In the 1980s chemical fertilizer use per hectare was less than the Japanese and Korean averages but more than the Indonesian and Indian averages. Future production and imports were likely to emphasize phosphate and potassium content in order to balance the nutrients obtained from organic fertilizers and from existing factories. Institutional reforms in the early 1980s encouraged households to cut costs and maximize earnings, which probably led to more efficient use of chemical fertilizer as farmers applied fertilizer to those crops giving the highest rates of return.

=== Mechanization ===
Post-Mao reforms dramatically affected farm mechanization. Most commune tractor stations were disbanded, and farm households were allowed to purchase equipment. The percentage of privately owned tractors increased from near zero in 1975 to more than 80 percent in 1985. The area plowed and planted by machine decreased in this period, but peasant use of tractors and trucks to transport goods soared dramatically. As much as 60 percent of tractor use was devoted to local hauling. Firms manufacturing farm machinery adjusted to the shift in rural organization by producing more small tractors, appropriate tractor-drawn equipment, better quality hand tools, and food and feed processing equipment. A rural electric power system – dams, generators, and transmission lines – had been under construction since 1949, and in 1987 most villages had access to electricity. In the period of the Four Modernizations, rural electric power consumption rose by 179 percent, from 18.3 billion kilowatt-hours in 1975 to 51.2 billion kilowatt-hours in 1985.

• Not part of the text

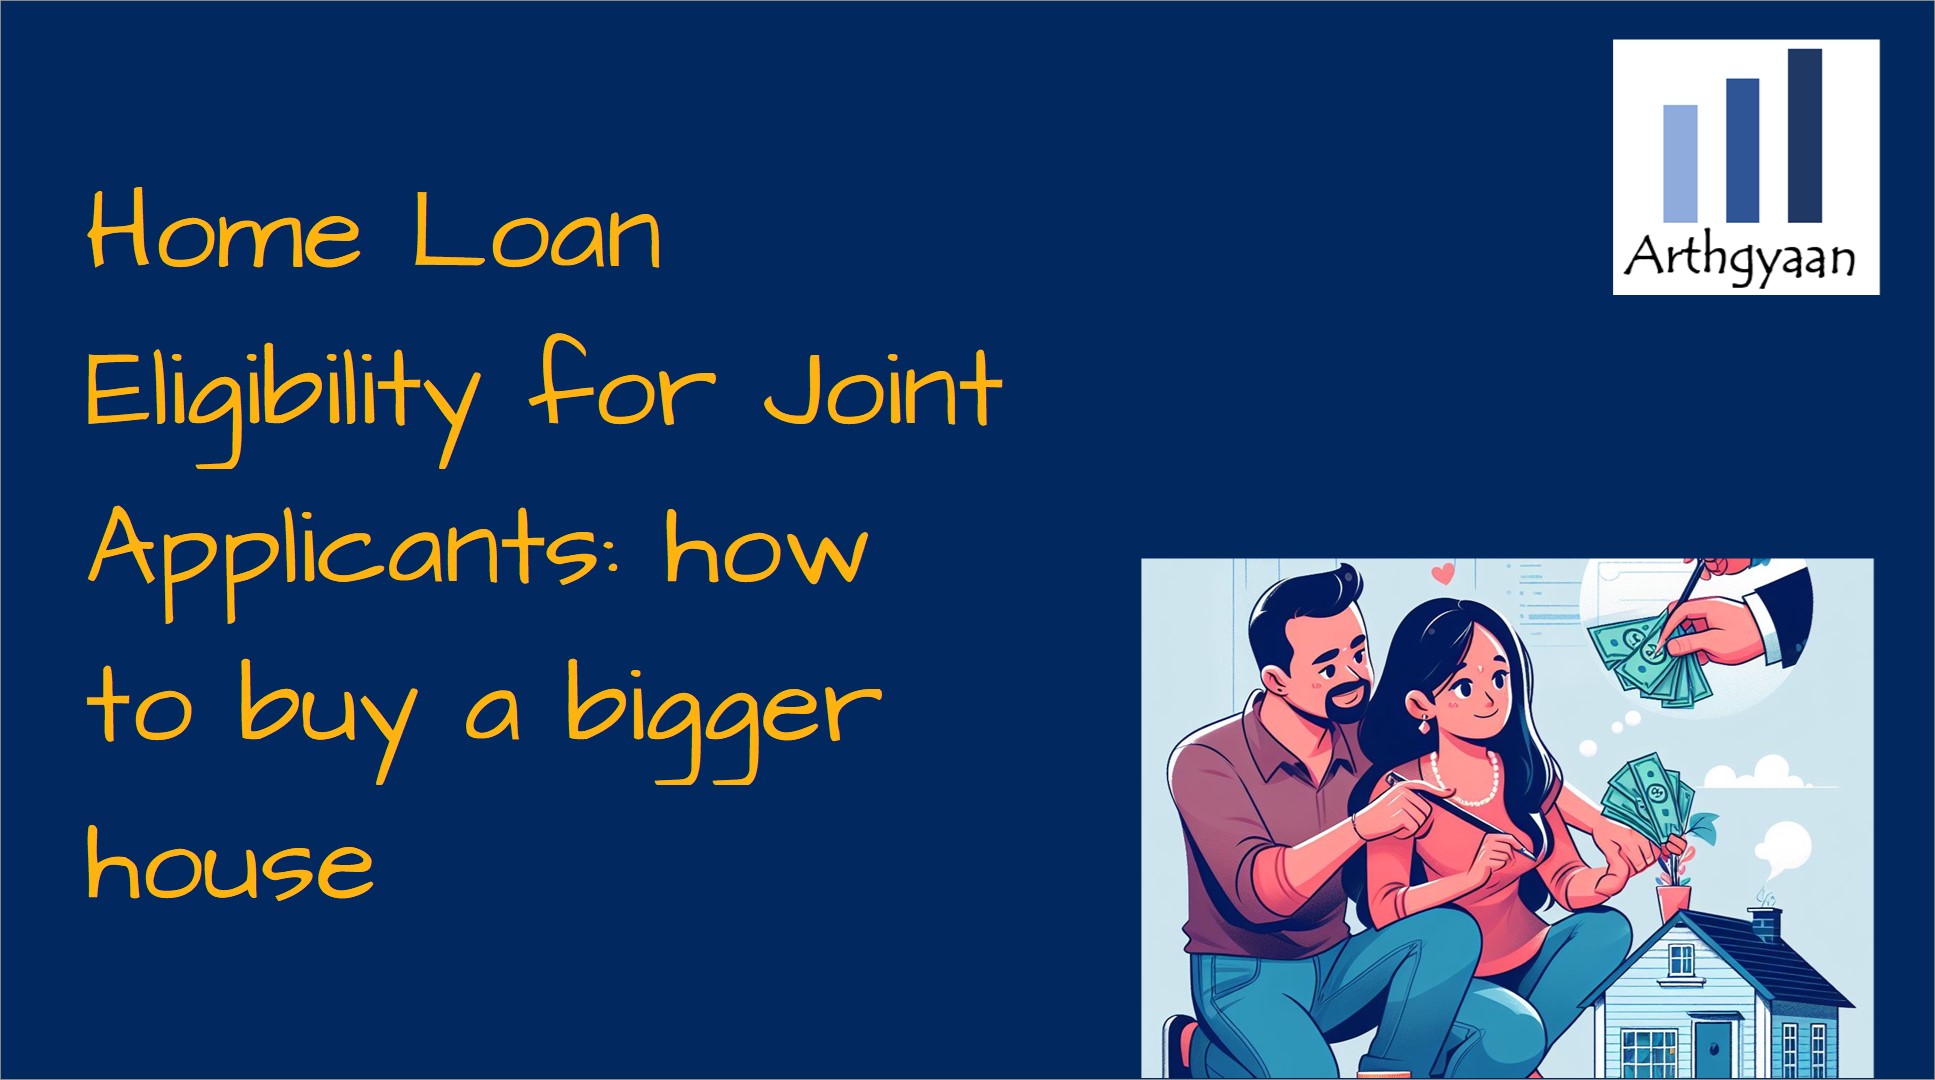 Home Loan Eligibility for Joint Applicants: how to buy a bigger house
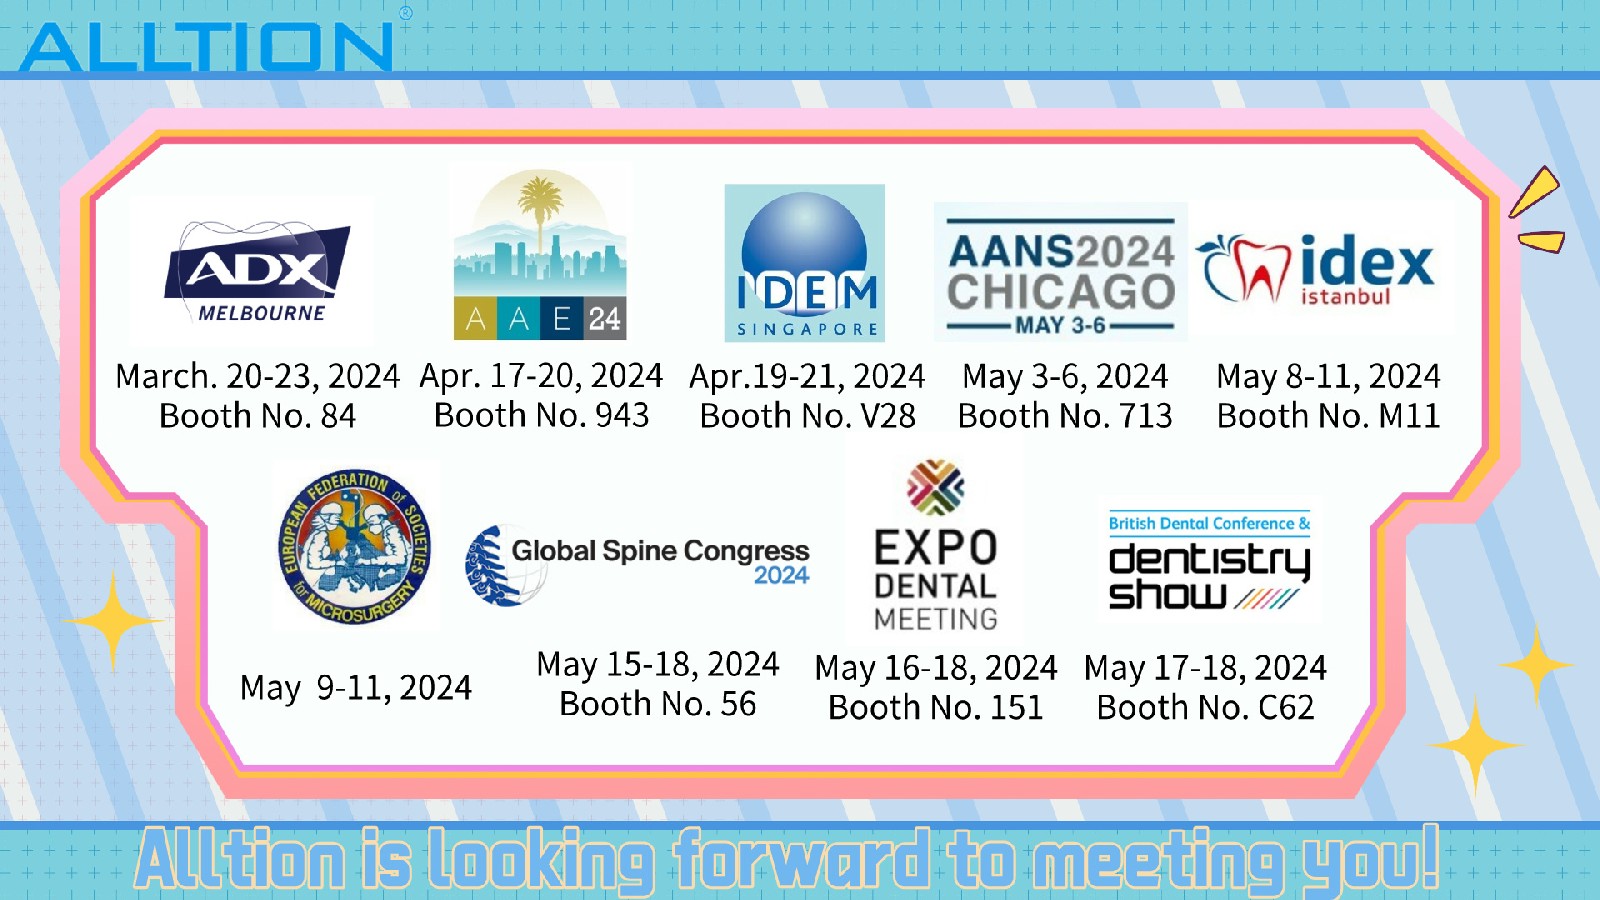 Don't Miss This Chance to Connect with ALLTION in person! See You in Exhibition!

Despite the large stock and high production rate of tractors, most farm tasks in the mid-1980s were performed manually. Rice continued to be transplanted by hand, as local engineers had yet to develop and produce rice transplanters in substantial quantities. Only 36 percent of the land was plowed by machines, only 8 percent sown by machines, and only 3 percent of the crop area was harvested by machines. Draft animals continued to be important sources of power, and the number of animals increased sharply in the post-Mao period. Success in mechanization enabled surplus rural laborers to leave the fields to find jobs in rural industry and commerce. In the 1980s most observers believed that China would continue for some time to use mechanization to solve labor shortages at times of peak labor demand and to concentrate mechanization in areas of large-scale farming, as in the North China Plain and the northeast.

=== Water conservancy ===
Irrigation was important in China's traditional agriculture, and some facilities existed as long as 2,000 years ago. The extension of water conservancy facilities by labor-intensive means was an important part of the agricultural development programs of the 1950s. During the Great Leap Forward, a number of water conservancy projects were undertaken, but with insufficient planning and capital. During the turmoil and bad weather of 1959–61, many water conservancy works were washed out by floods or otherwise destroyed, considerably reducing the irrigated acreage. Facilities were rebuilt in the early 1960s. By the 1980s irrigation facilities covered nearly half the cultivated land; systems installed since the late 1960s extended over a considerable part of north China, especially on the North China Plain.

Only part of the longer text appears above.